Posted to user@hive.apache.org by 김영우 <wa...@gmail.com> on 2010/04/22 07:15:18 UTC
HADOOP-4012 and bzip2 input splitting
Hi,
HADOOP-4012, https://issues.apache.org/jira/browse/HADOOP-4012 has been
committed. and CHD3 supports bzip2 splitting.

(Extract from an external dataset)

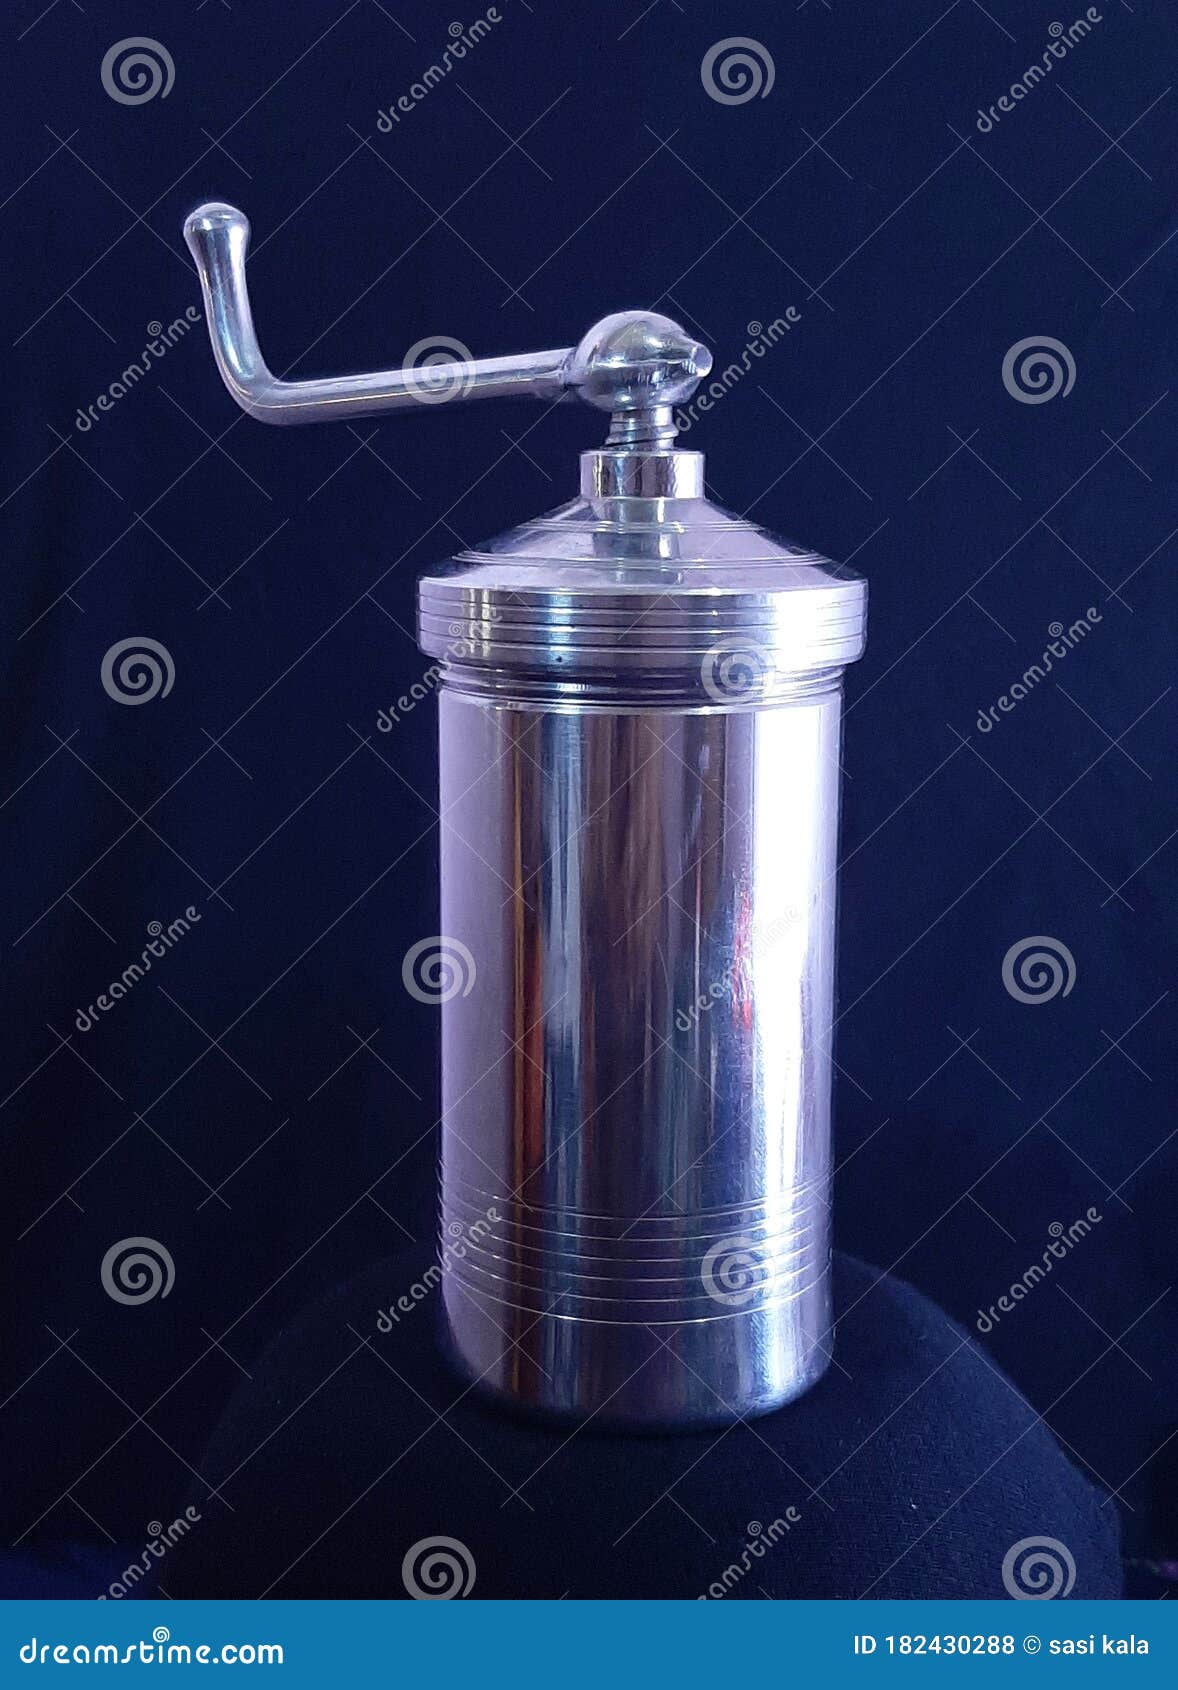 https://thumbs.dreamstime.com/z/stainless-steel-idiyappam-maker-use-kitchen-toolsnkerala-favourite-food-items-maker-stainless-steel-idiyappam-maker-use-182430288.jpg

I'm wondering if Hive supports input splitting for bzip2 compreesed text
file(*.bz2). If not, Should I implement a custom SerDe for bzip2 compressed
files?
Thanks,
Youngwoo
Re: HADOOP-4012 and bzip2 input splitting
Posted by 김영우 <wa...@gmail.com>.
Zheng,
It's 'org.apache.hadoop.hive.ql.io.HiveInputFormat'. and I don't know
exactly MAPREDUCE-830 is in CDH3. but I could not find any clues.
Thanks for your help.
- Youngwoo
2010/4/22 Zheng Shao <zs...@gmail.com>
> Can you take a look at the "job.xml" link in your map-reduce job
> created by Hive and let me know the mapred.input.format.class?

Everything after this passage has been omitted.